Douglas Matricarde
Não que antes vivíamos num paraíso, mas o Golpe de 1964 promoveu um período de falso progresso, censura e muita repressão no Brasil, tendo como principais alvos os LGBTs, além de estudantes, artistas, negros, militantes e pensadores que eram frequentemente associados à vadiagem e malandragem. As perseguições feitas aos que se opunham ou aos que não faziam parte do padrão estabelecido foram incalculáveis e deixaram resquícios no país até os dias de hoje. Em 1987, instaurou-se em São Paulo uma operação policial que pretendia localizar e prender travestis que se prostituíam nas ruas da cidade. Essa caça às bruxas moderna ficou conhecida por Operação Tarântula e – apesar de ter sido suspensa pouco tempo depois – vários relatos de travestis sendo assassinadas “misteriosamente” a tiros continuam sem explicação até hoje.
Quando o HIV explodiu no mundo nas décadas de 1970 e 1980, ele logo foi ligado a população LGBT, sobretudo aos homens gays. Muito se discutia sobre o vírus, inclusive sobre ele ser exclusivamente relacionado ao ato sexual entre dois homens, o que gerou uma nova onda de fobia contra homossexuais. O grande número de perdas enfraqueceu movimentos de gênero no mundo todo, porém uma centelha de vitória foi conquistada no dia 17 de maio de 1990 quando a Organização Mundial da Saúde retirou oficialmente o termo Homossexualismo da lista de Classificação Estatística Internacional de Doenças e Problemas Relacionados com a Saúde, perdendo o sufixo -ismo, se tornando homossexualidade (um traço de personalidade), como sempre deveria ter sido. Esse vento histórico é o motivo do dia de hoje ser internacionalmente reconhecido como o Dia Contra a Homofobia abrangendo não só aos gays, mas a todos e todas que pertencem à sigla LGBTQIA+.

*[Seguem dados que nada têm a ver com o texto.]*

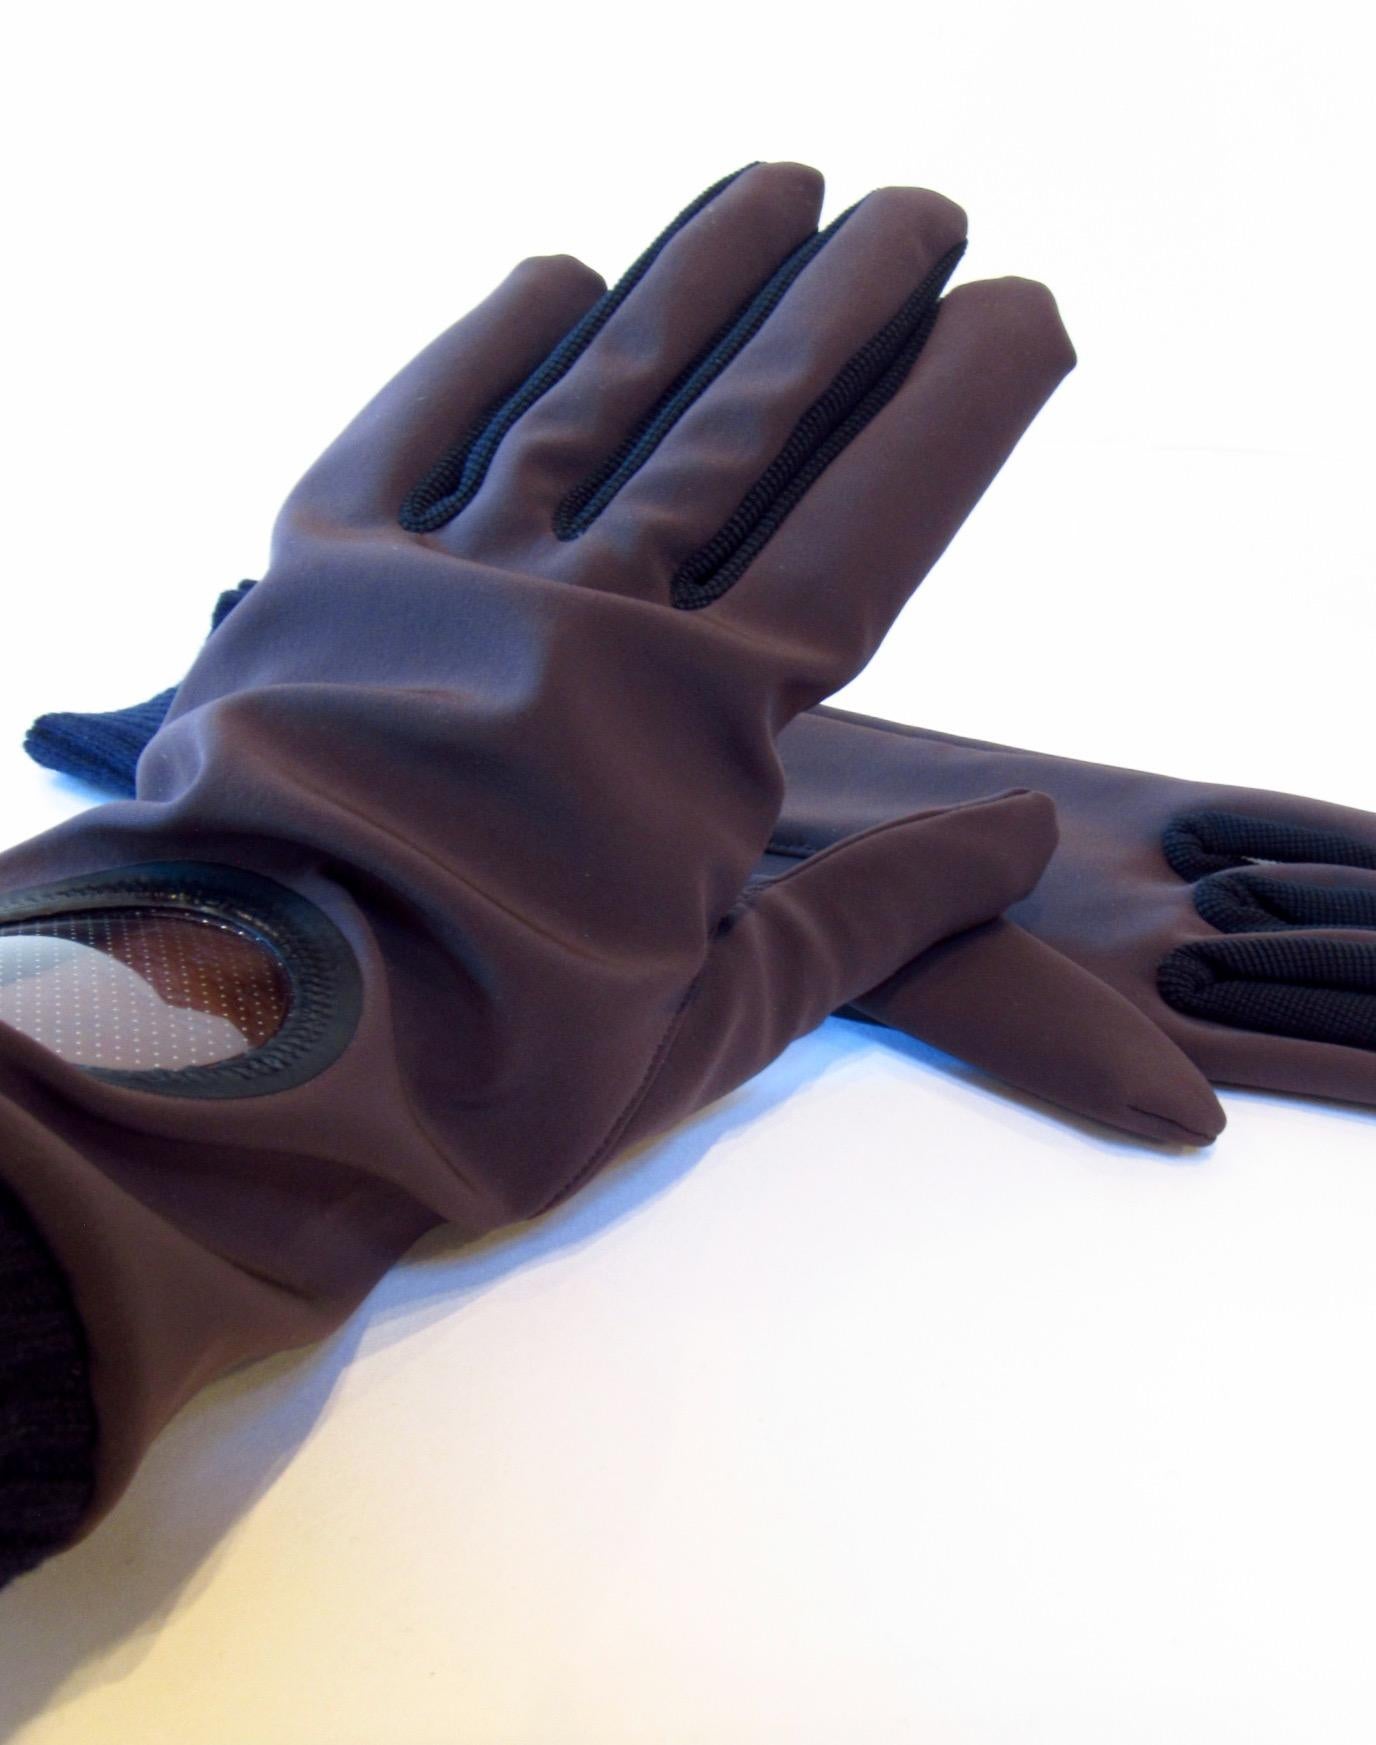 Vintage Undercover dunkelbraune Handschuhe aus Nylon und Polyurethan mit Bullaugenfenster am linken Handgelenk. Das Braun wird durch schwarze Wollbündchen und Details zwischen den Fingern ausgeglichen.

Por mais que isso possa parecer um motivo para se aliviar, um incômodo é necessário. A população LGBT não está equiparada à população heterossexual, assim como os negros não estão com os brancos e as mulheres não estão com os homens. Ainda hoje, 70 países consideram relações consensuais entre pessoas do mesmo sexo, crime, sendo que 6 deles, têm como punição a pena de morte. Mulheres lésbicas continuam sofrendo “estupros corretivos” numa tentativa bárbara de reverter sua orientação sexual. Na Chechênia, relatos de perseguição e tortura contra LGBTs crescem anualmente. No Brasil, as travestis sofrem uma exclusão do mercado de trabalho que chega aos 90% e sua expectativa de vida é de 35 anos de idade, pois sim, mesmo com números subjugados, somos o país que mais mata travestis e transexuais no mundo.
Para além de todas essas atrocidades sócio-político-culturais, precisamos ter uma atenção redobrada com nós mesmos e policiar nossos preconceitos internos na tentativa de desconstruir não só LGBTfobias estruturais, mas também racismos e misoginias cotidianas. A educação, formal ou informal, talvez seja uma das únicas saídas para que esses números alarmantes diminuam. A Educação interage, conversa, escuta e vota melhor. Ainda nos dias de hoje algumas siglas apagam outras e, mesmo que nem todos sejam militantes, todos tem a obrigação de respeitar, ainda que sem compreender. Nunca teremos uma revolução social enquanto não tivermos uma equivalência racial e de gênero e isso nos mostra que a luta deve ser cotidiana e para muito além do 17 de maio.